As our primary direction is protection of the public, it is our unanimous view that on the available information, the inclusion of indirectly supervised passes to the community would present an undue risk. We note of course that if Mr. Leroux shows significant progress in the upcoming months, that the Hospital can, if they determine it appropriate, seek an early hearing to expand his privileges. He has a wide envelope in the disposition being imposed for the upcoming year to progress in his treatment and his reintegration.

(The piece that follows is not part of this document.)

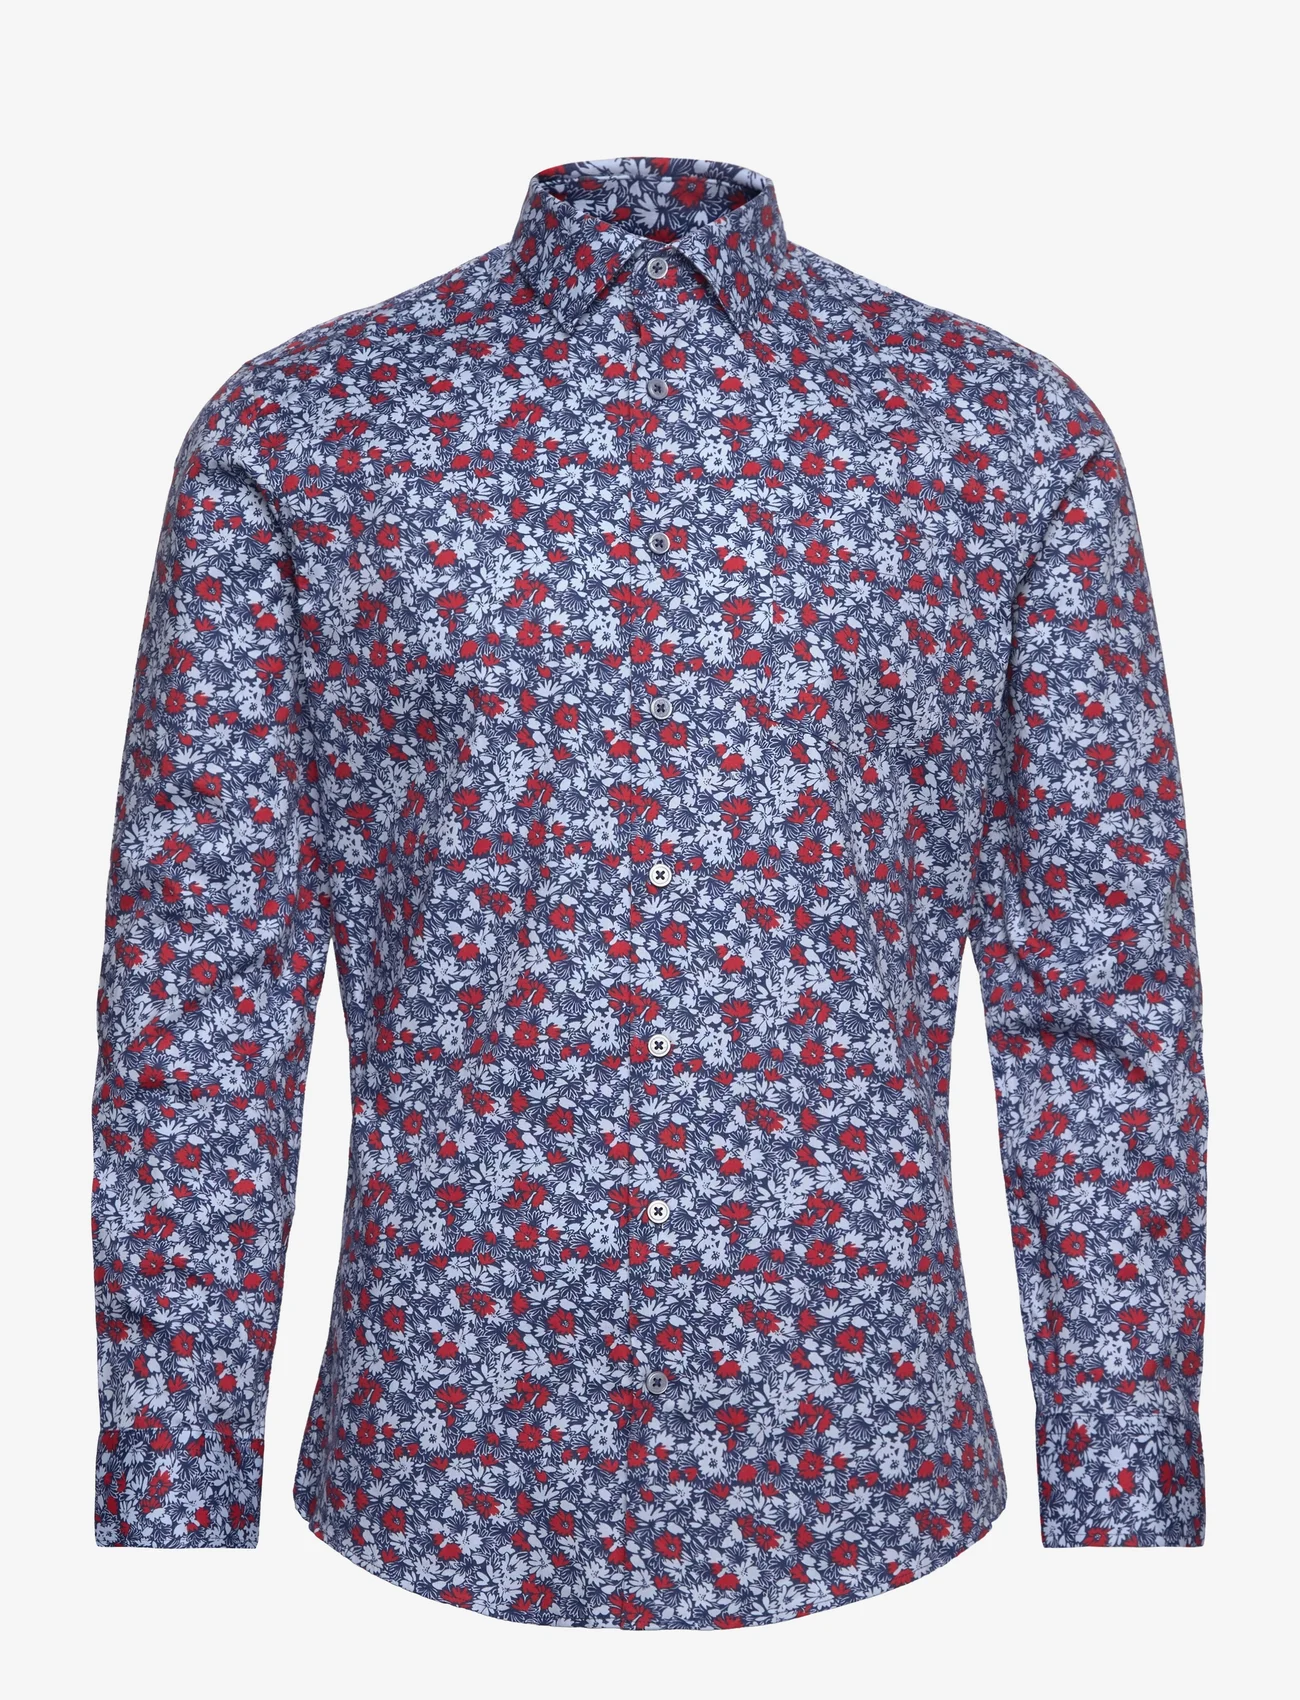 Lindbergh - AOP plain stretch shirt L/S - avslappede skjorter - blue - 0
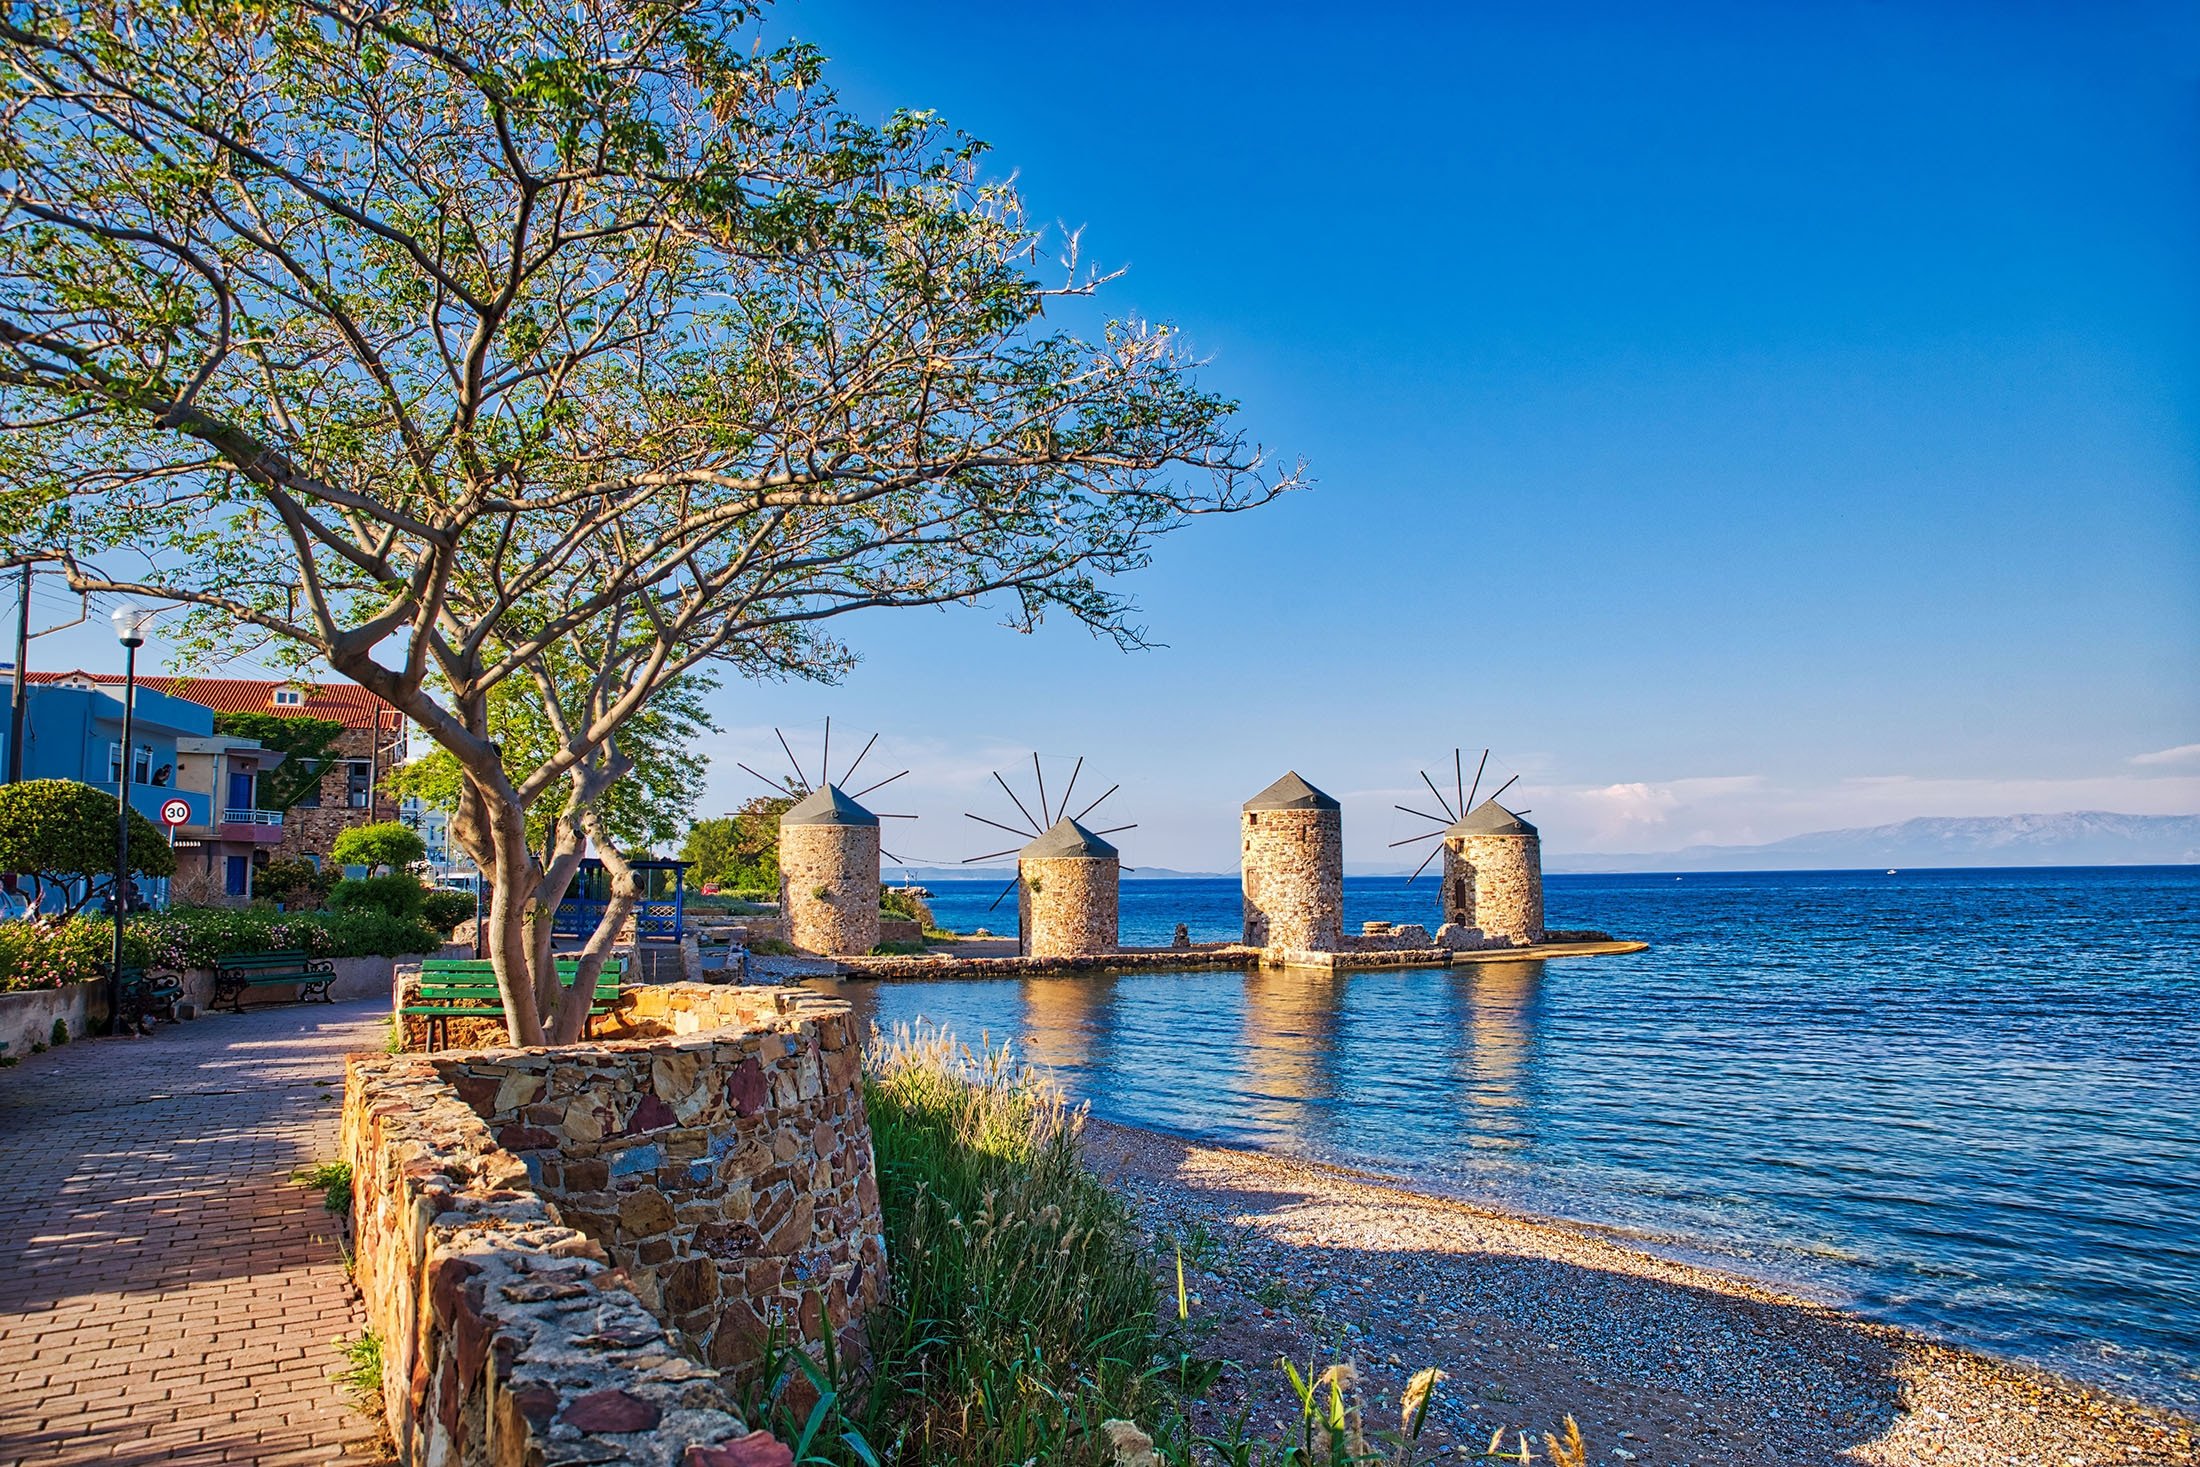 Chios Island Greece

We create a disposition for a detention order at North Bay Regional Health Centre – North Bay Site with the privileges as recommended by the hospital in final submissions, including the prohibition against contact with his sister, his aunt, or their immediate families. We do so in recognition of the four factors in s. 672.54 of the Criminal Code.
DATED this 15th day of September 2025, at the City of Toronto, in the Toronto Region.
Ms. C. Fromstein
Alternate Chairperson
___________________
Office of the Registrar
Ontario Review Board
Footnotes
- In fact, the period from Mr. Leroux’s arrest on August1, 2021 to the hearing date of September 4, 2025, was just in excess of four years.
- The panel would point out that in fact, Dr. Klassen’s testimony at the trial was that if his diagnosis of a bipolar disorder was correct, the risk of occurrence of a second manic episode was 100% (Transcript, p. 36, ll. 5-13).